Rosen? Ja, vielleicht sollte sie einen Strauss roter Rosen kaufen für den Arzt, auf dessen Vorplatz es passiert ist. Er hat Kornel Erste Hilfe geleistet, hat ihn ins Spital bringen lassen. Kornel hat noch drei Tage weitergelebt. Sie und die Kinder haben sich verabschieden können von ihm. Er hat es unterlassen, und jetzt kann er es nicht mehr. Sie hat ihm die schlaffe Hand gedrückt im Spital, ihm die nahende Geburt des zweiten Grosskindes ins Ohr geflüstert. Mit verkrampften Fingern über seine Unterarme gestreichelt. Schutzlos lagen sie da. Ihr Handrücken auf seinen eingefallenen Wangen. Einmal nur hat sie seinen Kopf in ihre Hände genommen und ihn lange auf den Mund geküsst.
Und dann, wenn alles vorbei ist, denkt Carlatina, Rosen für den Menschen, der ihr Kornel zum Abschied übergeben und ihn nicht sofort hat sterben lassen. Rosen!
Die Holztür des Aufbahrungsraumes knarrt, sie hat eine schwere Türklinke aus poliertem Messing. Carlatina tritt nach draussen, unschlüssig, ob sie nochmals zurückblicken soll in die rosa-grünliche Verschleierung. Durch die halb offene Tür schaut sie zurück, und es ist ihr, als würde Kornel seine Hand heben zum Gruss, zum letzten zwischen ihnen.

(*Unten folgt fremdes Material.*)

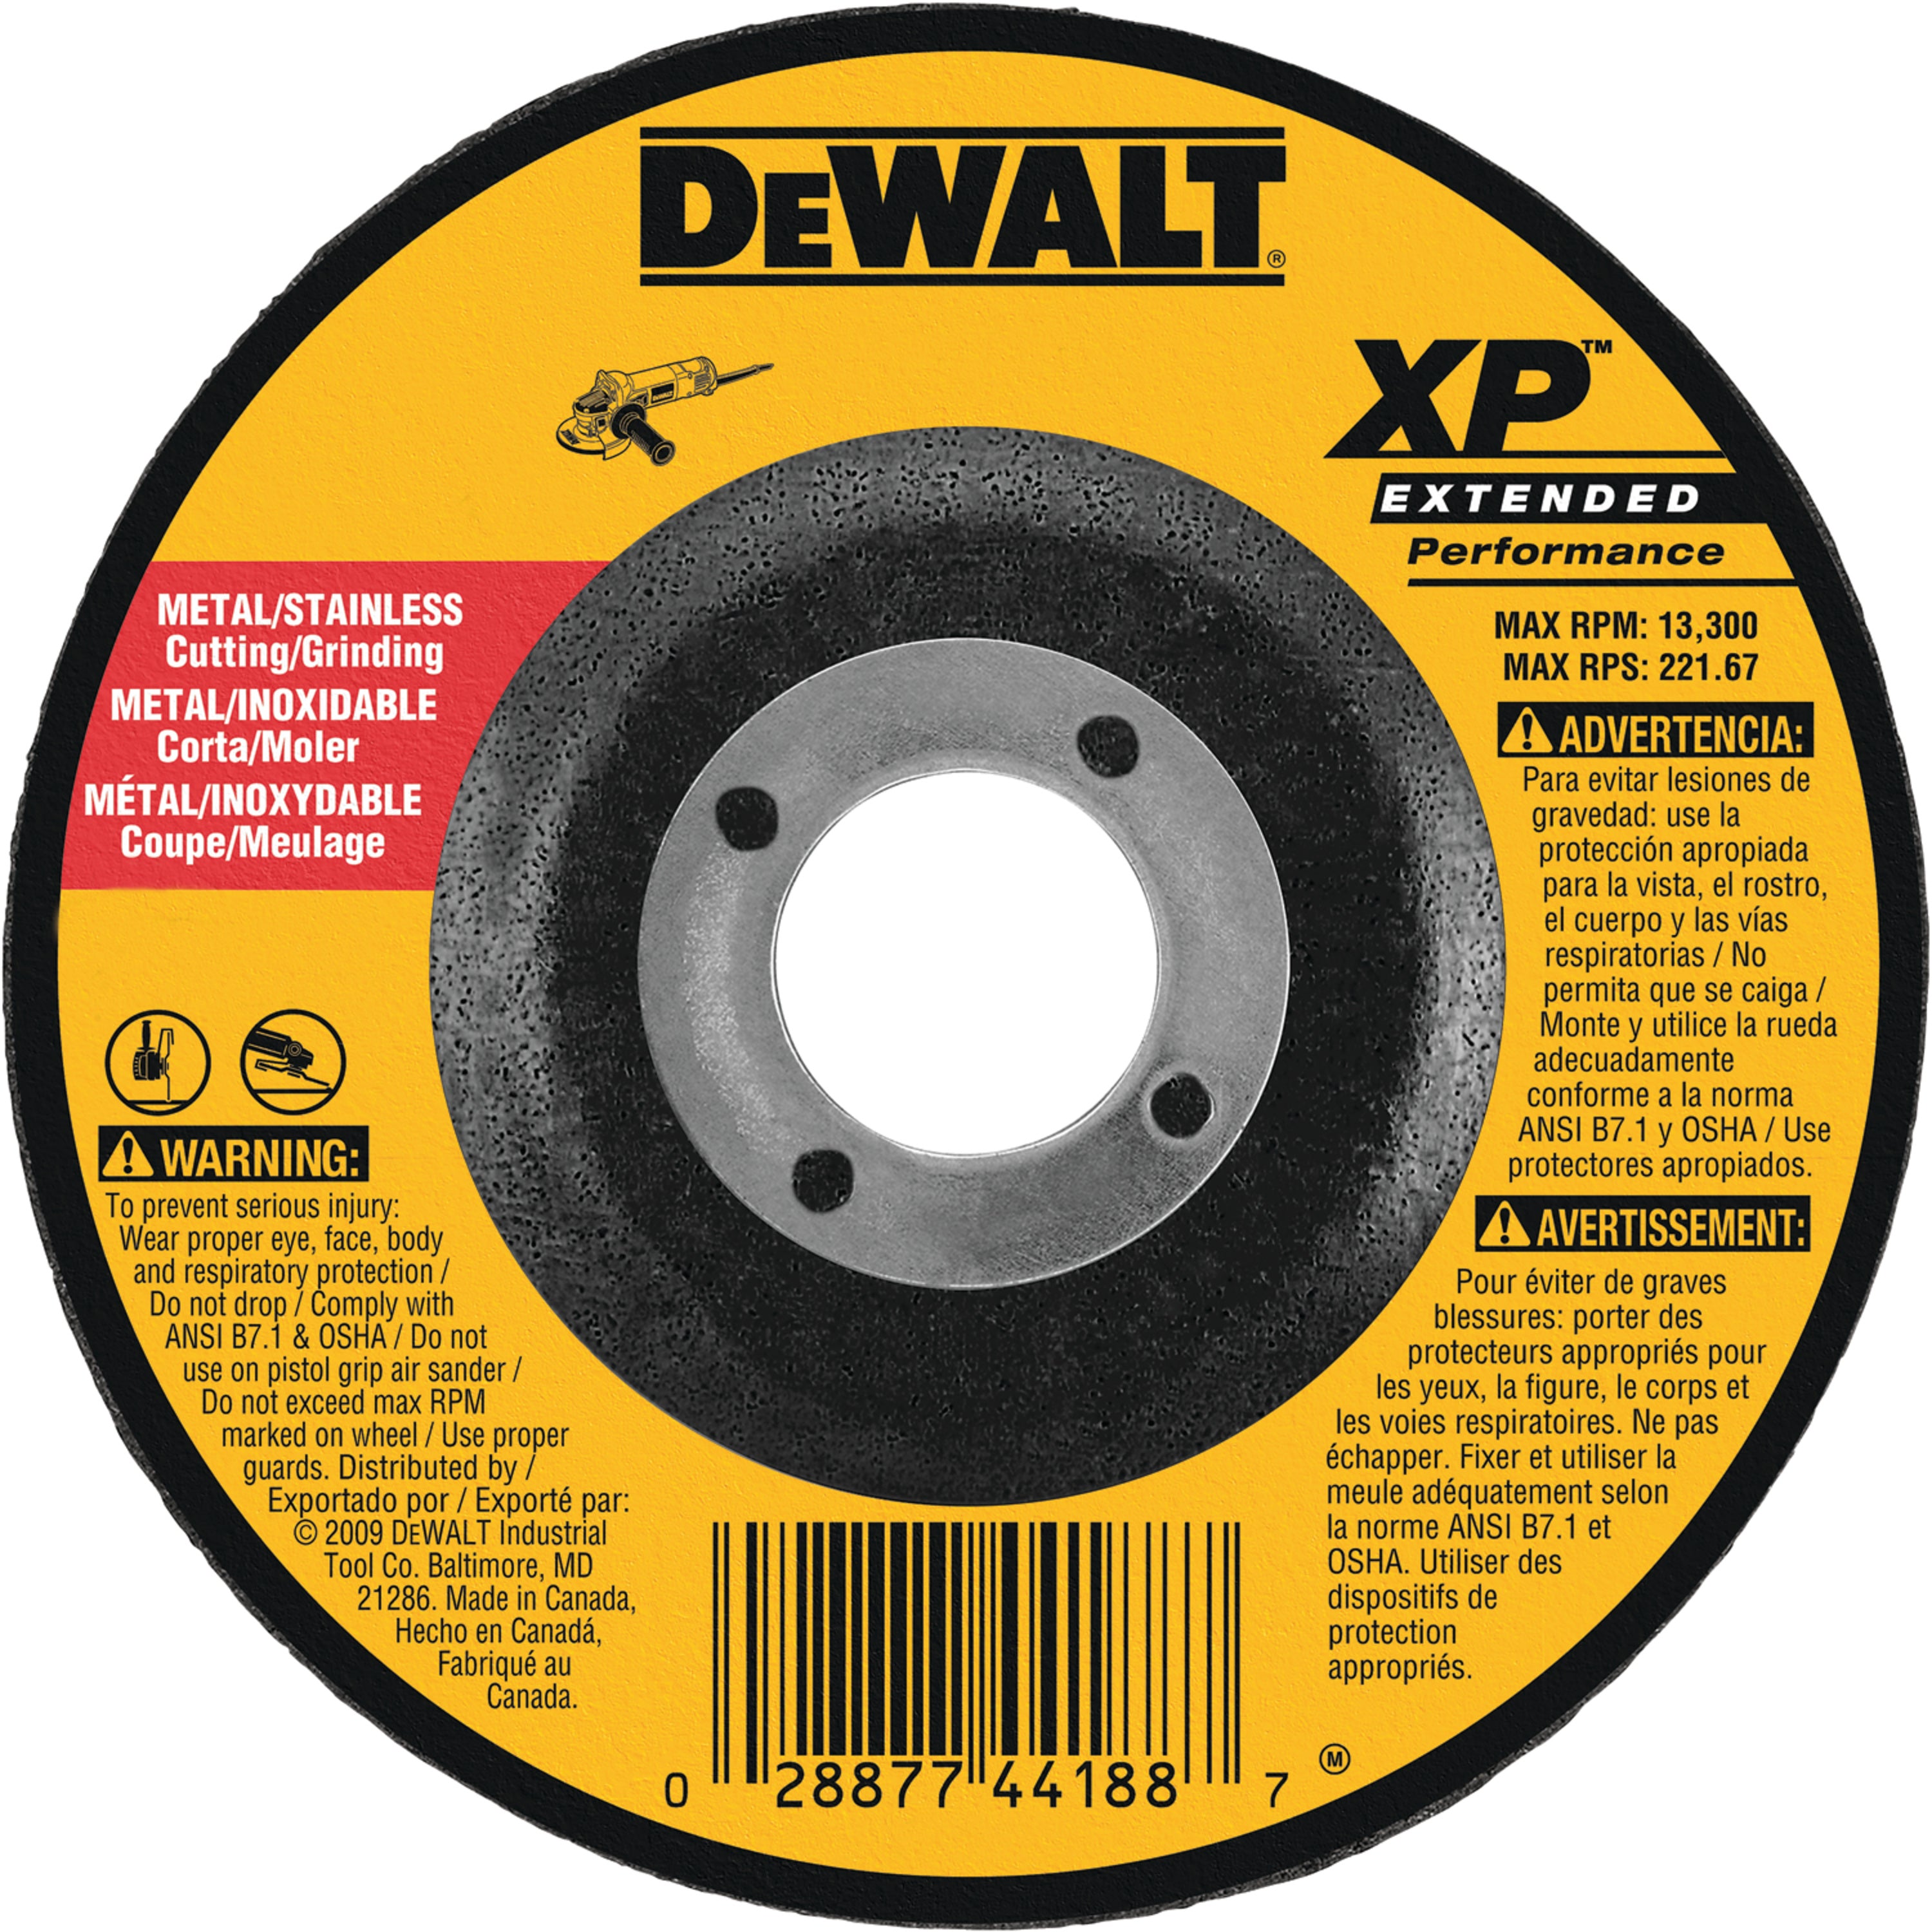 DEWALT DW8808 4-1/2-Inch by 1/4-Inch Extended Performance Grinding Wheel, 7/8-Inch Arbor - wise-line-tools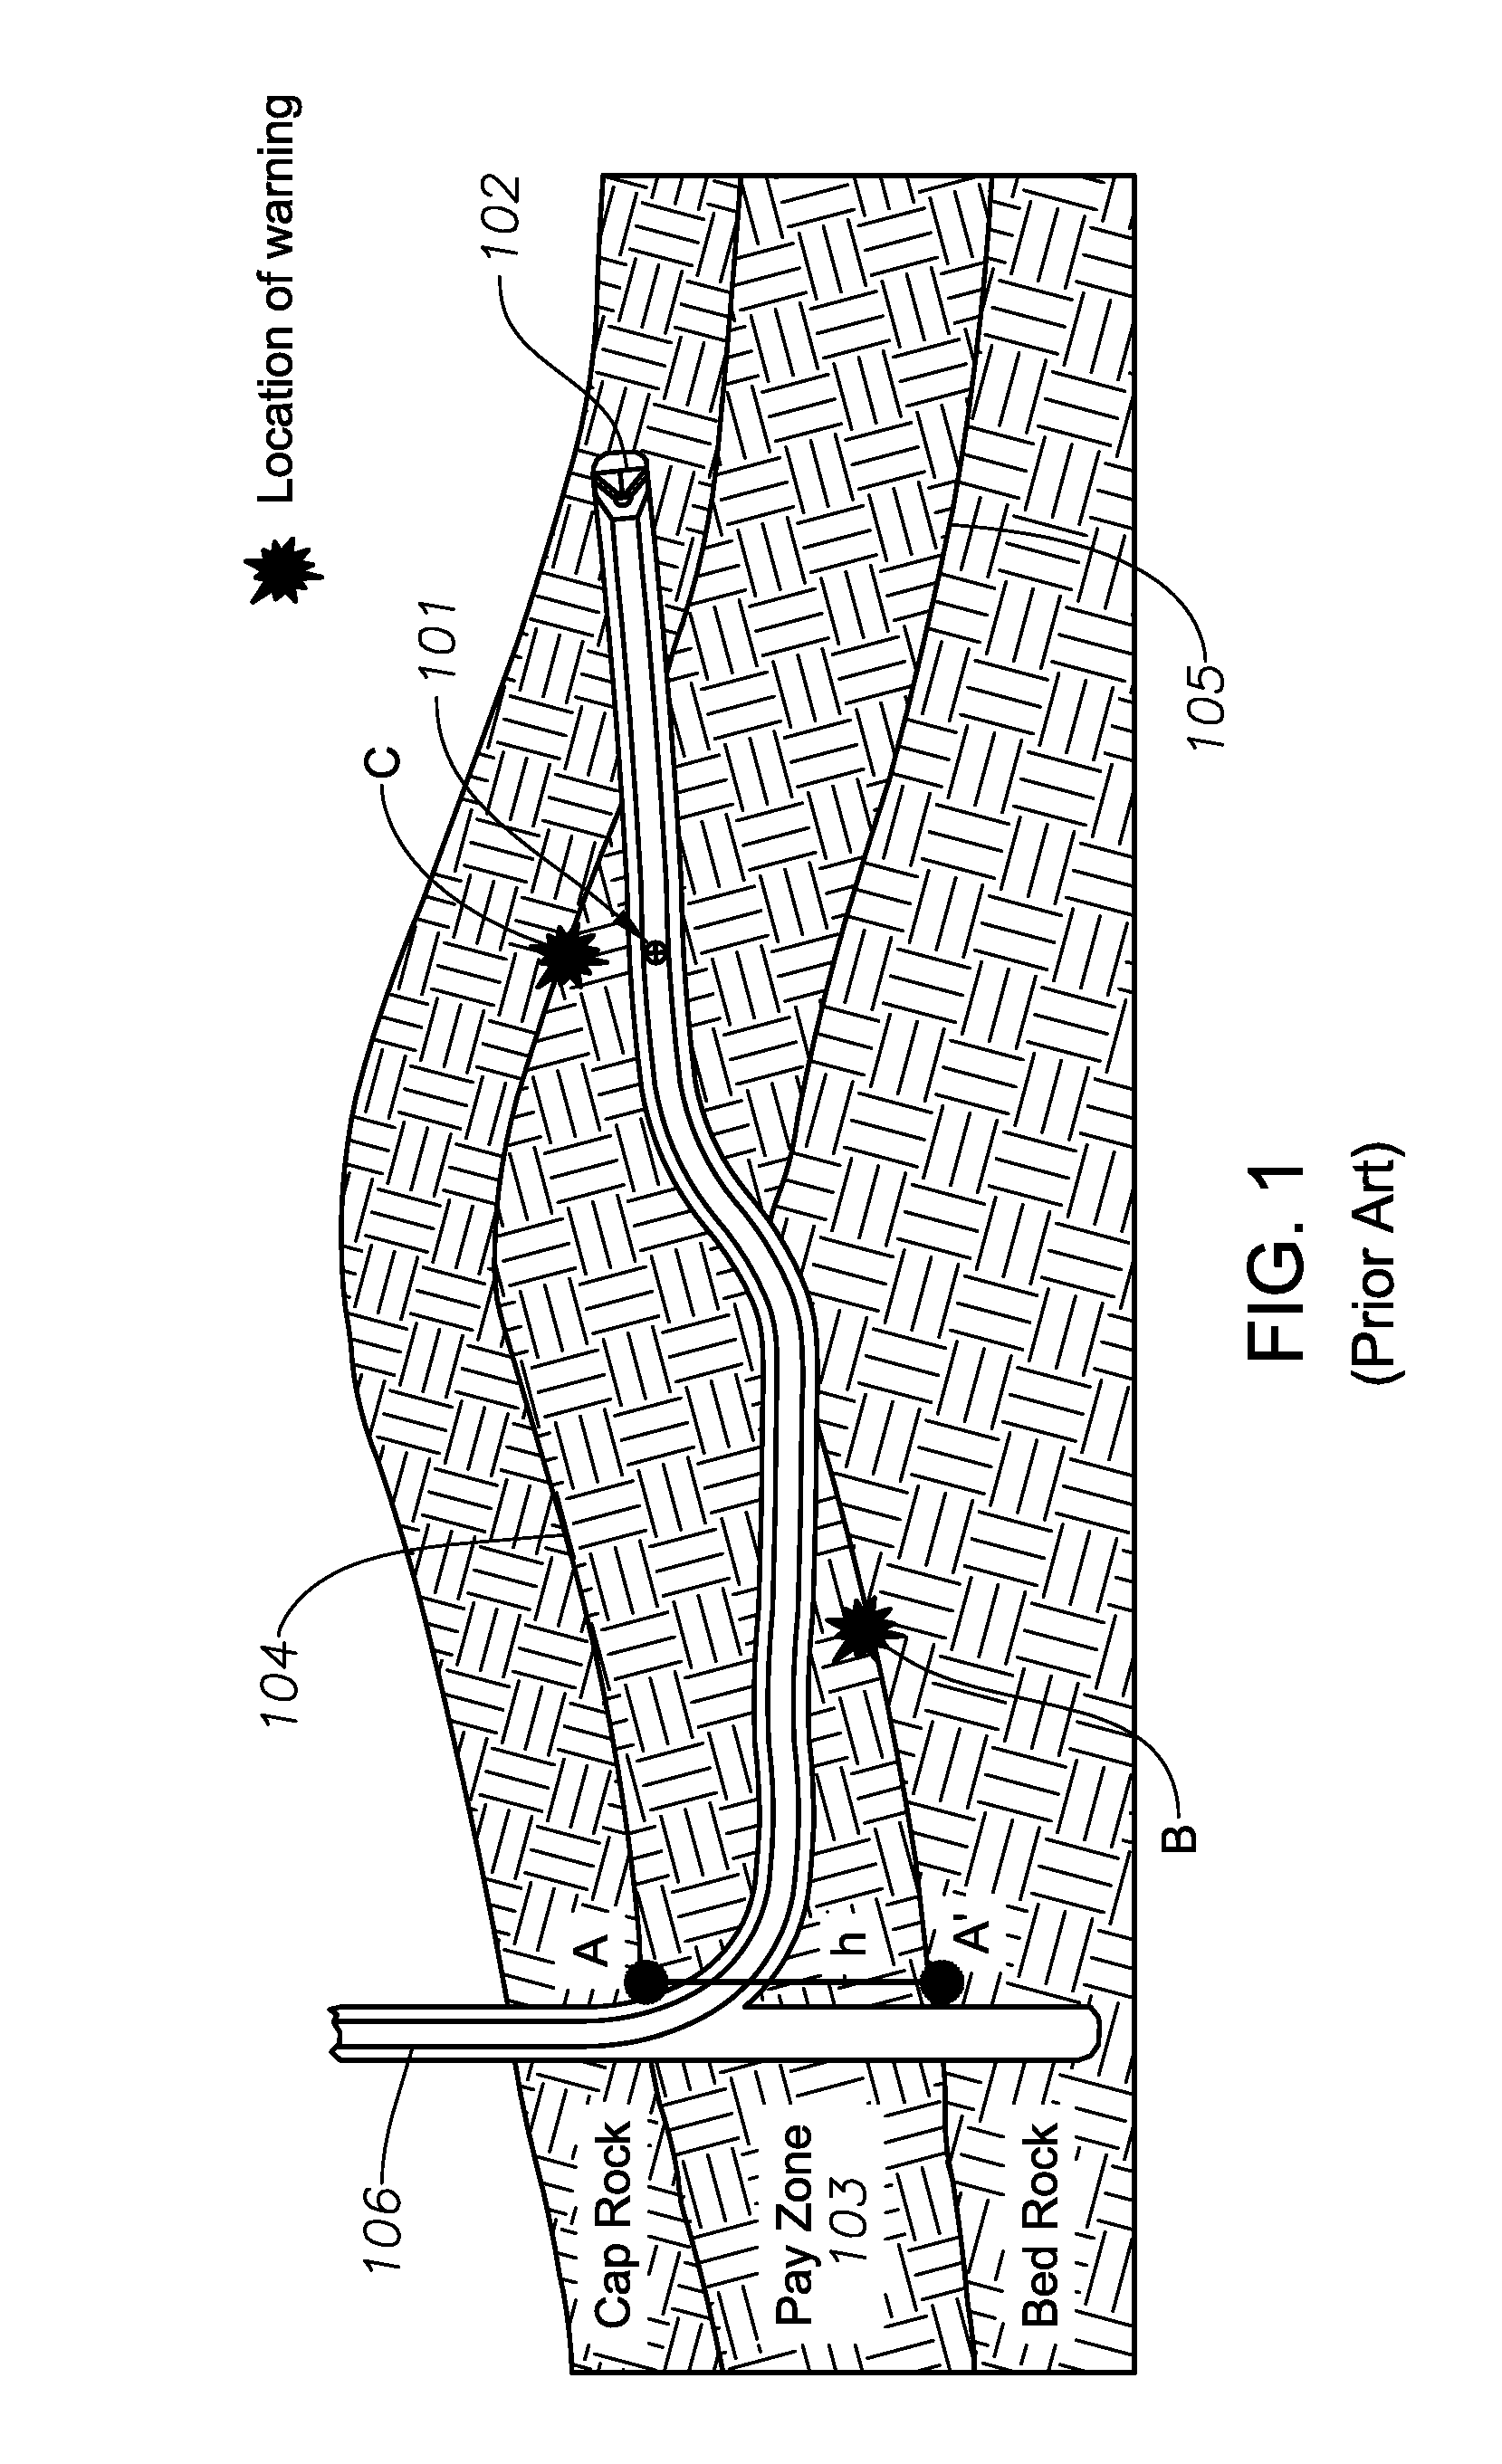 Methods For Geosteering A Drill Bit In Real Time Using Drilling Acoustic Signals

Erschrocken wendet sie sich ab – es gibt kein Paradies – und lässt die Türe hinter sich ins Schloss fallen.
Am Himmel vier gleich geformte Wolkenwellen in einer Reihe, weiss vor stechend blauem Himmel. Die fünfte, zuhinterst, hat sich zu Schlieren und Fetzen verflüchtigt. Da weiss Carlatina Bescheid. Zum ersten Mal weint sie seit Kornels Tod.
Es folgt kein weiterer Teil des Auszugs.